# Deciding on a cello



## apprehensivecello

Hello, I'm hoping to get some advice on buying a cello. 
I haven't played the cello in a good three years so I'm basically right back to the beginning. I have spent the last three months looking for one, comparing cello makes and such. I've settled on hopefully buying one second hand as money is a bit of an issue for me. 
Any and all advice would be deeply appreciated. (I especially welcome advice on unlabeled cellos as there is one I have my eye on that seems to be in good nick, but, is unlabeled.)


----------



## Pugg

apprehensivecello said:


> Hello, I'm hoping to get some advice on buying a cello.
> I haven't played the cello in a good three years so I'm basically right back to the beginning. I have spent the last three months looking for one, comparing cello makes and such. I've settled on hopefully buying one second hand as money is a bit of an issue for me.
> Any and all advice would be deeply appreciated. (I especially welcome advice on unlabelled cellos as there is one I have my eye on that seems to be in good nick, but, is unlabelled.)

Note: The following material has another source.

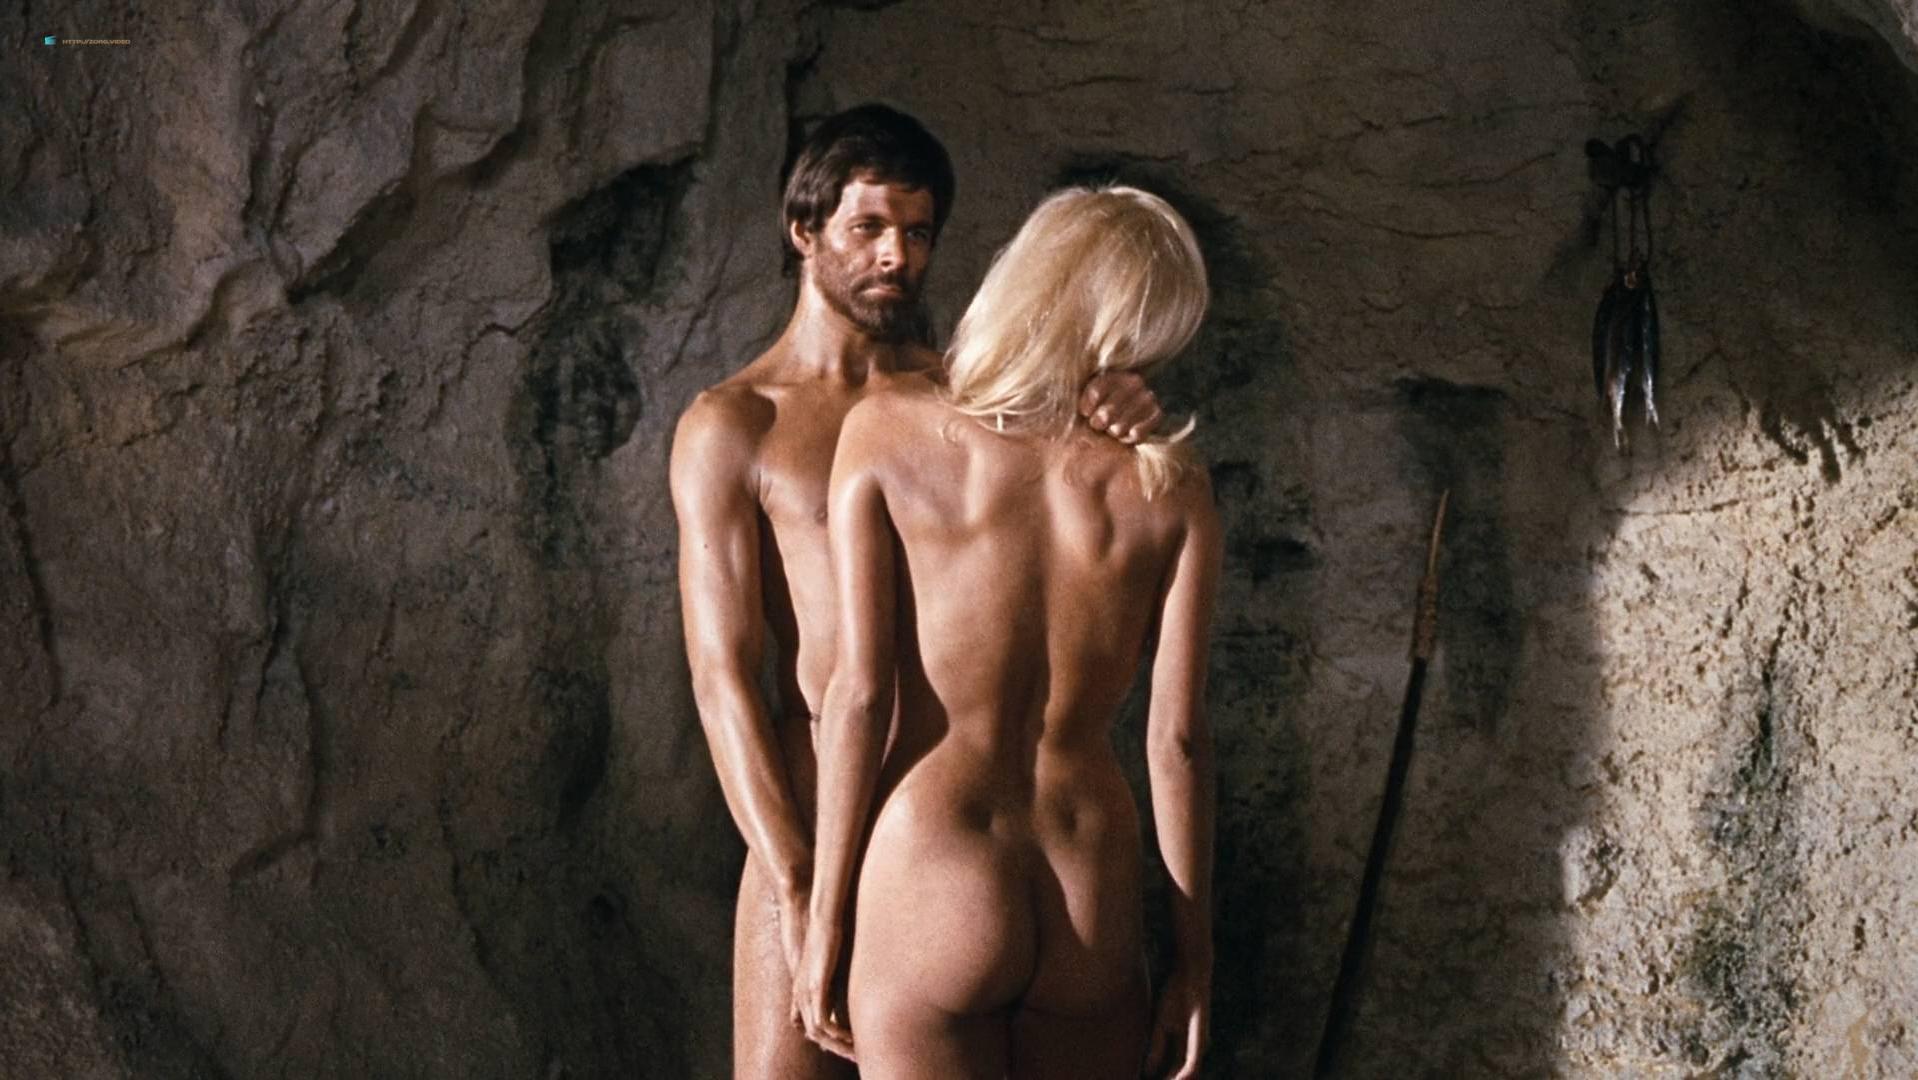 bruno-movie-nude-pics

First of all welcome to Talk Classical, that aside and with all regards too any member on this site: I would seek advice from your teacher if you have one.
If not, do visiting shops and let them inform you, you don't have to buy at once I presume.


----------



## Violn20

Hello

It depends on where you live currently. the best is to be referred to a trusted music shop by a experienced music teacher or a online music shop which usually established by musicians and not only traders which I know one of the in the UK.www.mezzoviolin.co.uk
hope t hat makes changes.


----------



## Pugg

Violn20 said:


> Hello
> 
> It depends on where you live currently. the best is to be referred to a trusted music shop by a experienced music teacher or a online music shop which usually established by musicians and not only traders which I know one of the in the UK.www.mezzoviolin.co.uk
> hope t hat makes changes.


I do hope O.P reads this, it's very quiet on this topic.


----------